Boris Walbaum: Es gibt ein hohes Risiko, dass Universitäten, wie wir sie kennen, ihre Relevanz verlieren. Schon Anfang der 2010er-Jahre wurde das Ende der Hochschulen prophezeit – damals durch allgegenwärtige Online-Kurse. Passiert ist seitdem allerdings wenig. Das zeigt, wie widerstandsfähig Universitäten sind – aber auch, wie unbeweglich. Ich habe in den vergangenen Jahren mit vielen Universitäten zusammengearbeitet und sehe dort enorme strukturelle Trägheit, verursacht durch Regulierungen, Governance-Fragen und ein System von Rankings, das Innovation eher hemmt als fördert. Jetzt, da die Generative KI auf eine ohnehin hitzige Debatte über das Preis-Leistungs-Verhältnis von Universitäten in den USA und auf die Erfahrungen der Pandemie trifft, geraten viele Hochschulen tatsächlich unter Druck. Einschreibungen gehen zurück, und Studierende stellen den Wert eines klassischen Studiums zunehmend infrage. Universitäten müssen entschlossener reagieren, wenn sie nicht den Anschluss verlieren wollen.

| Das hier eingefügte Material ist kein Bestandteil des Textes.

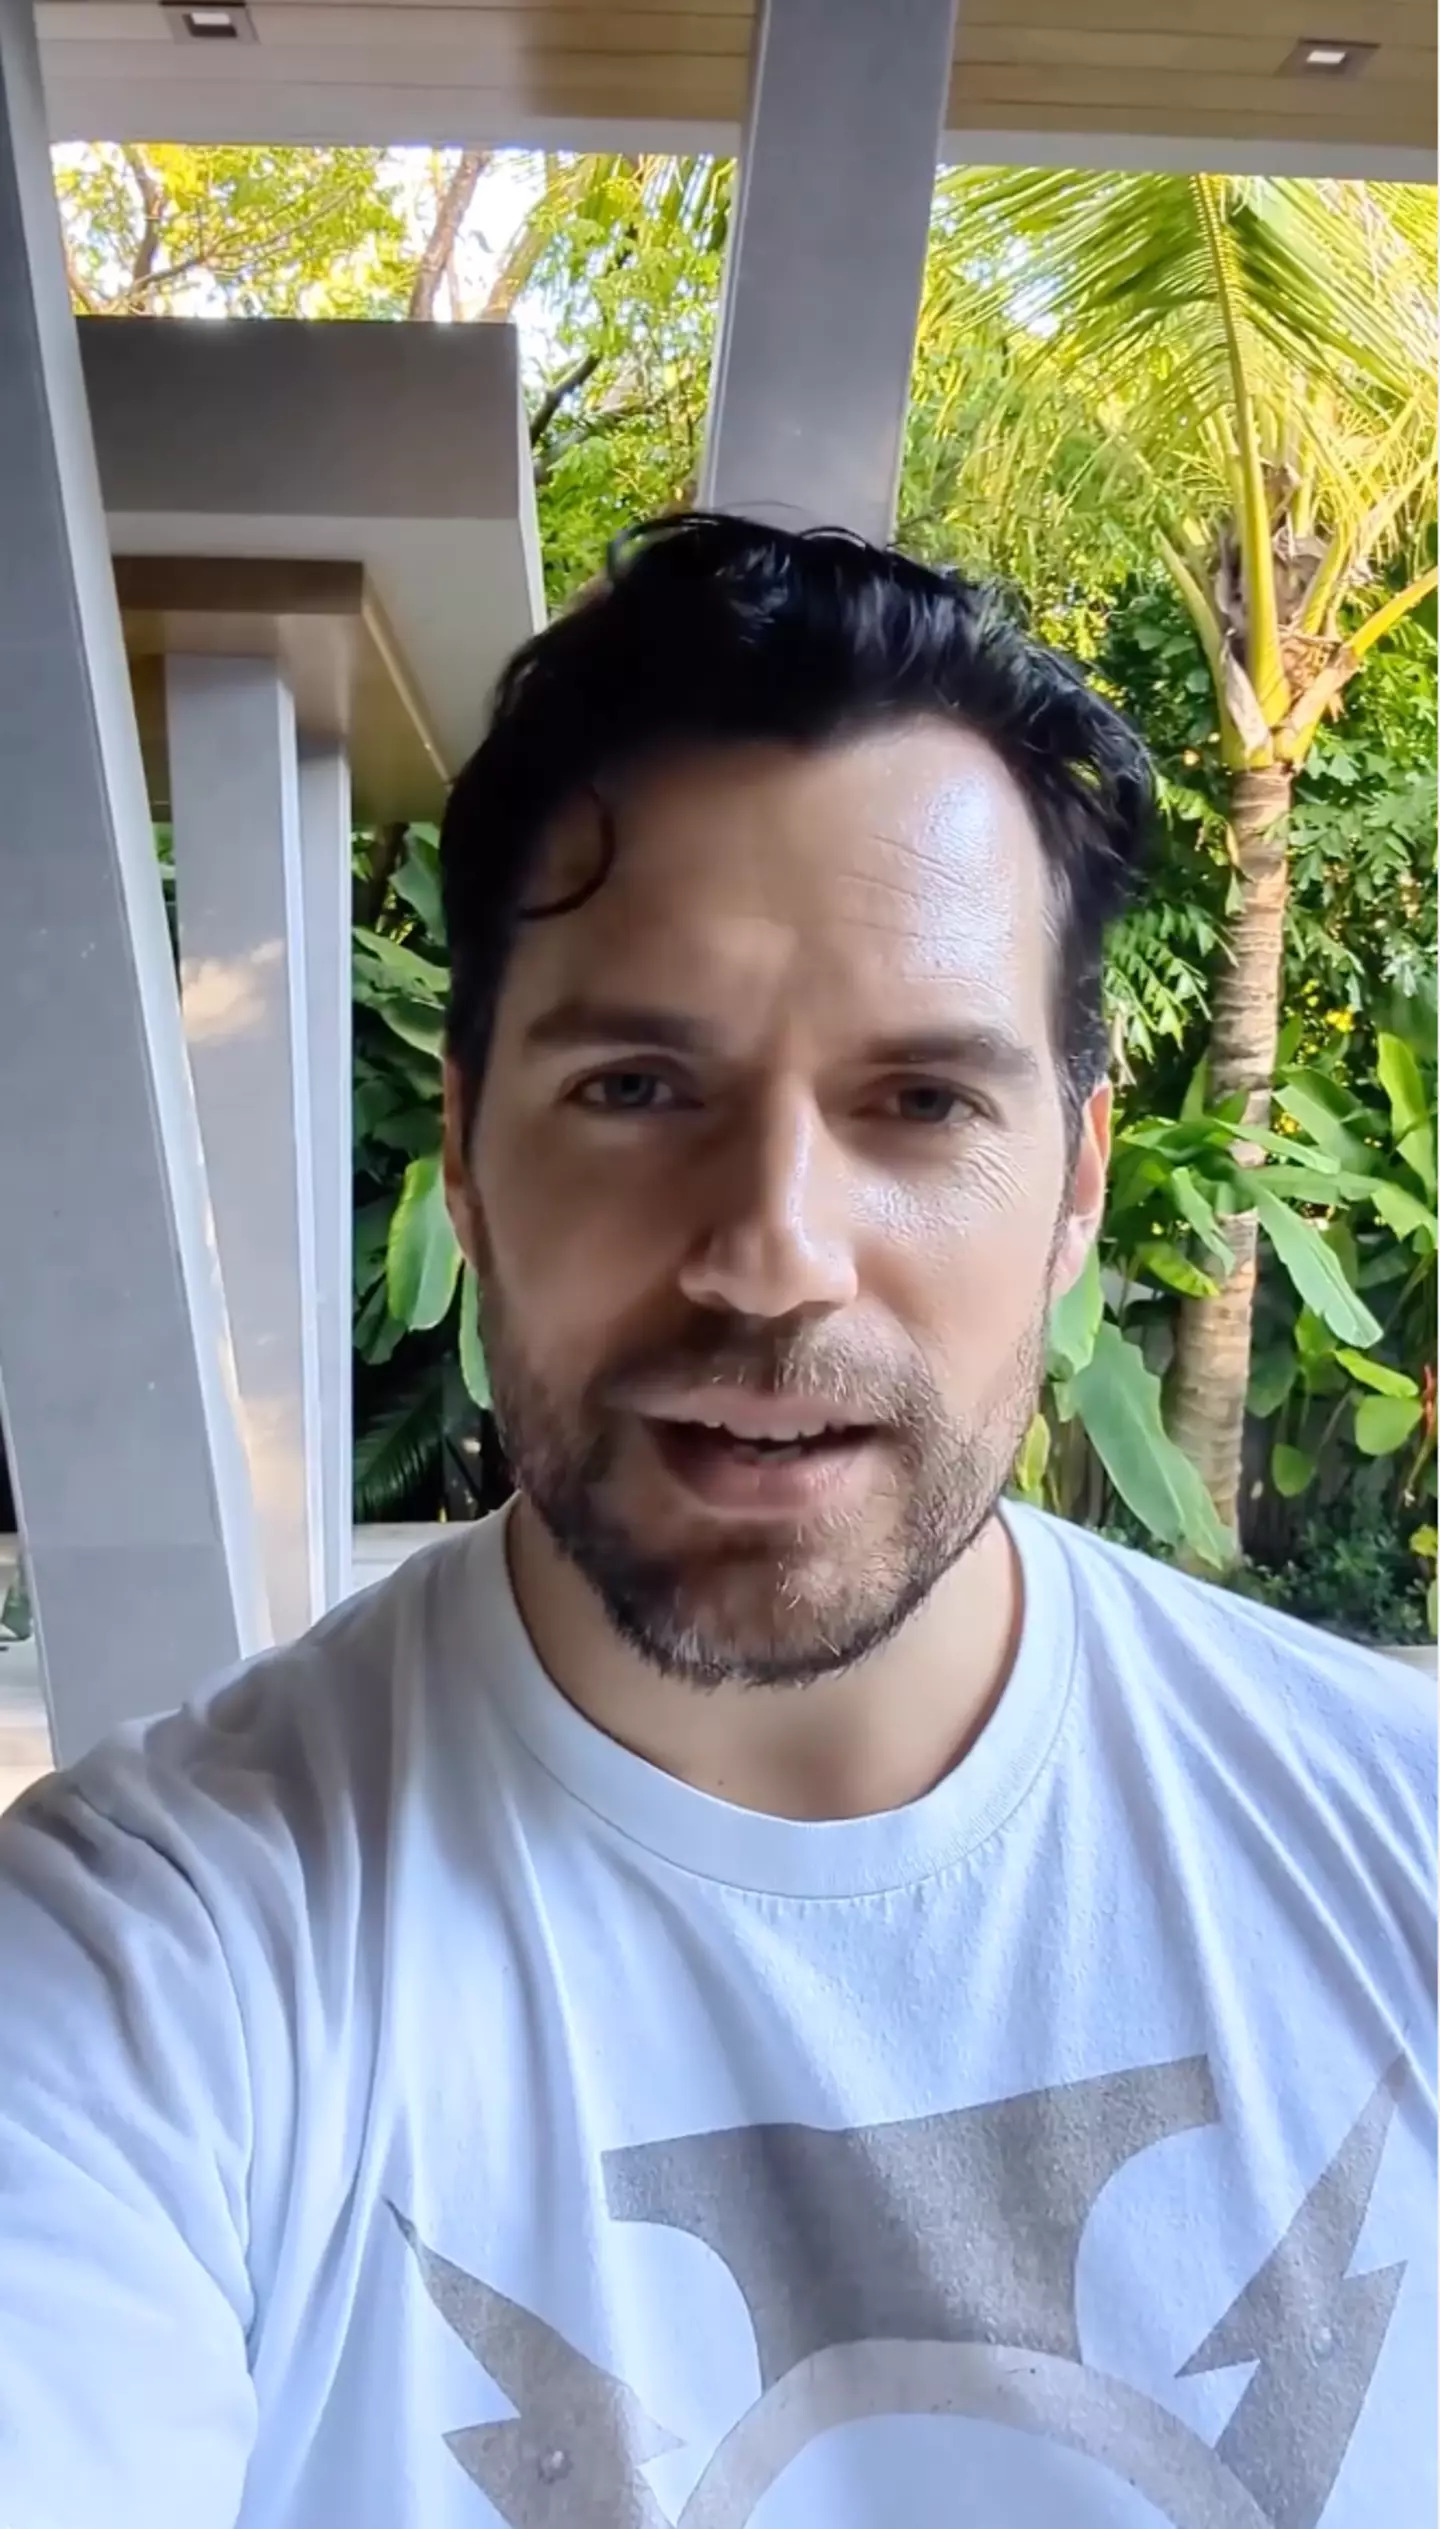 Henry Cavill had excitedly told fans about his return.

0381-Magazin: Manche sagen, dass klassische Studienabschlüsse bald überflüssig werden – ersetzt durch modulare Lernpfade, KI-Tutoren und Skill-Stacking. Teilen Sie diese Prognose?
Walbaum: Teilweise. KI wird Hyper-Personalisierung und Mikroabschlüsse ermöglichen, das ist sicher. Aber mein Buch beschreibt ein Paradox: Je technischer und modularer das Lernen wird, desto mehr brauchen wir Räume für echte menschliche Interaktion. „Deep Skills“ wie Urteilsvermögen, Resilienz, Kreativität oder Empathie entstehen nicht am Bildschirm, sondern im Miteinander. Die Zukunft der Bildung ist hybrid: KI hilft uns, Grundlagen effizient zu vermitteln, aber tiefes Lernen braucht Gemeinschaft, Austausch und Beziehung. Es wird also darauf ankommen, Schulen und Universitäten
zu Orten der Zugehörigkeit und intensiven Interaktion zu machen – anstelle von Räumen, in denen Wissen top-down vermittelt wird, was KI ohnehin besser kann.
0381-Magazin: Wie setzt Forward College diese neue Idee von Bildung konkret um?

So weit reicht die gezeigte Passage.